Perhaps I should follow up next week using tzdata as a case study....
That would be fascinating! Thanks, Matt
On May 13, 2016, at 12:28 AM, Matt Johnson <mj1856@hotmail.com> wrote:
More likely, people are using phones with older Android releases that have obsolete time zone data. A device based on tz2014j or earlier should exhibit the bugs mentioned in the WSJ article.
Yes, that makes sense. I guess I just wasn't thinking about unpatched devices, especially for ones that old.
Perhaps I should follow up next week using tzdata as a case study....
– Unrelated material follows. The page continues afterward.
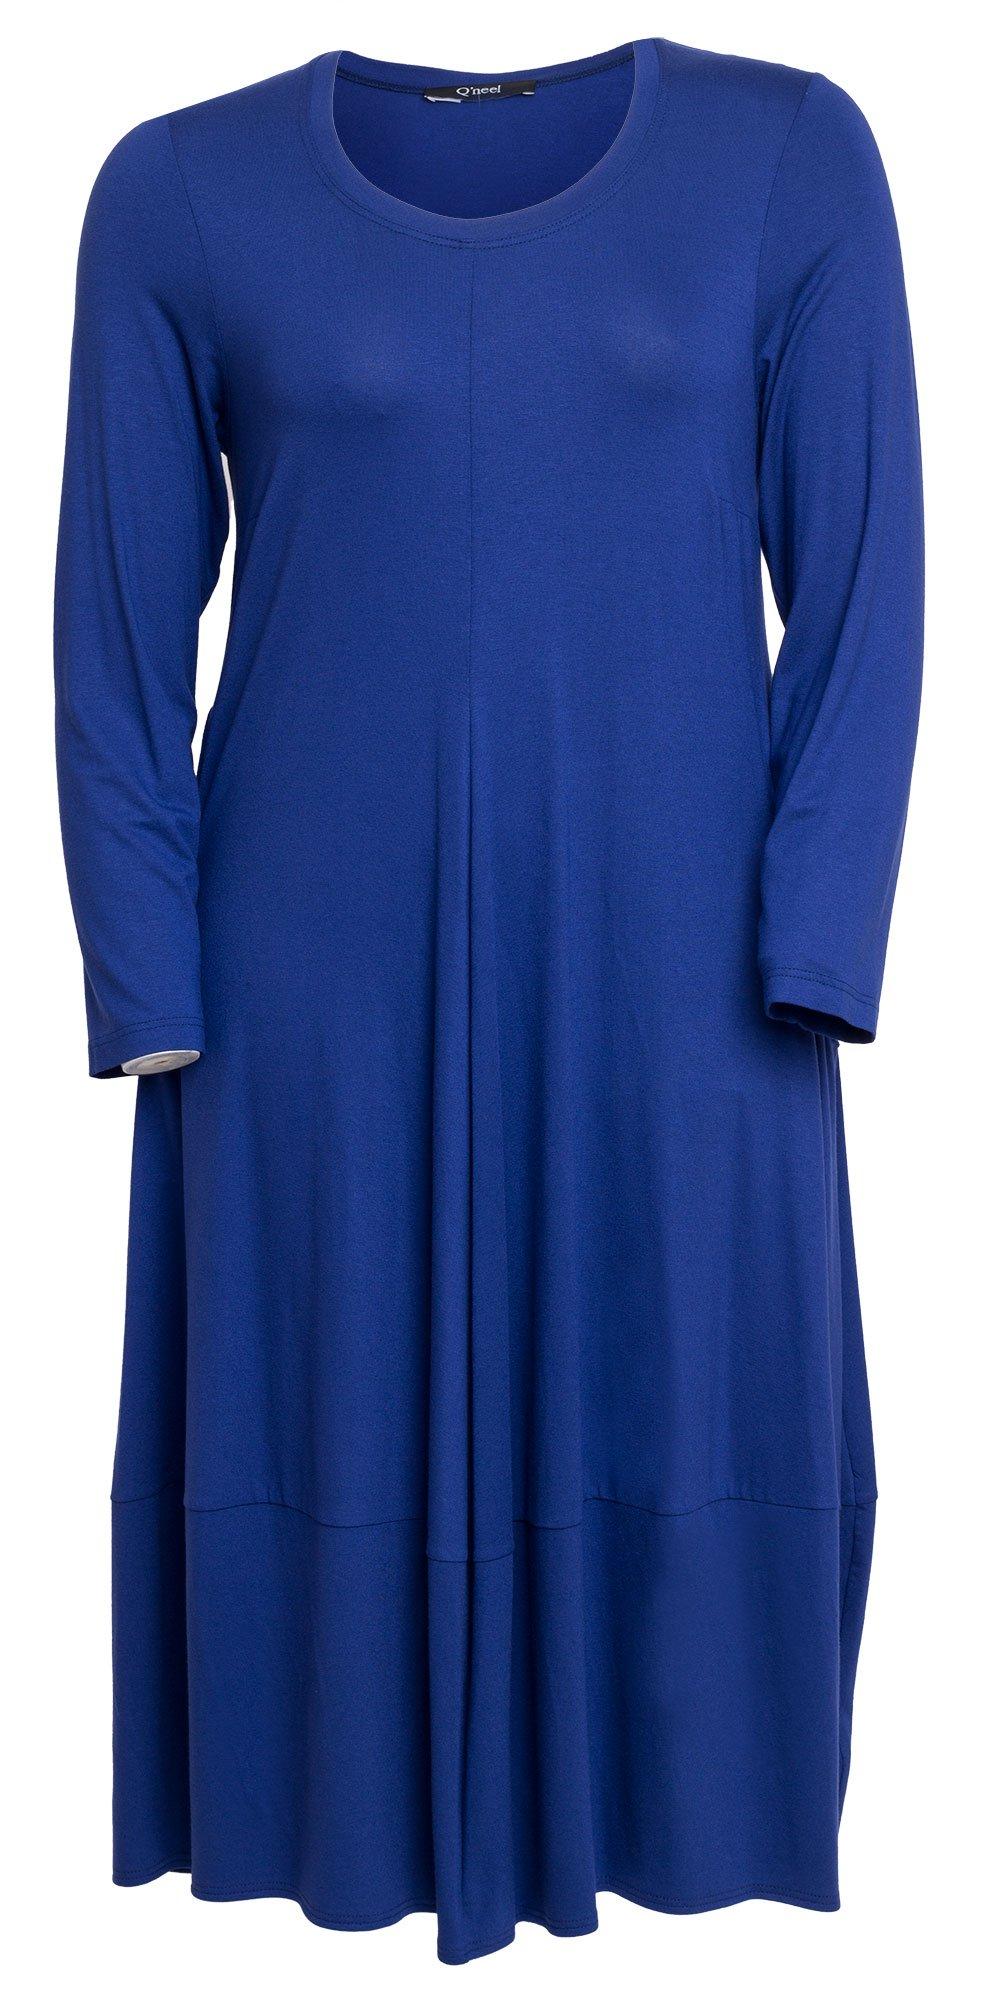 Lang lilla kjole med lommer

That would be fascinating!
What was great about that article is that it clearly lays the blame where it belongs: with the authorities who tinker with the rules over and over, changing them at the last minute. Perhaps this sort of bad publicity will make a few of them make adjustments to their bad practices. paul
Perhaps this sort of bad publicity will make a few of them make adjustments to their bad practices.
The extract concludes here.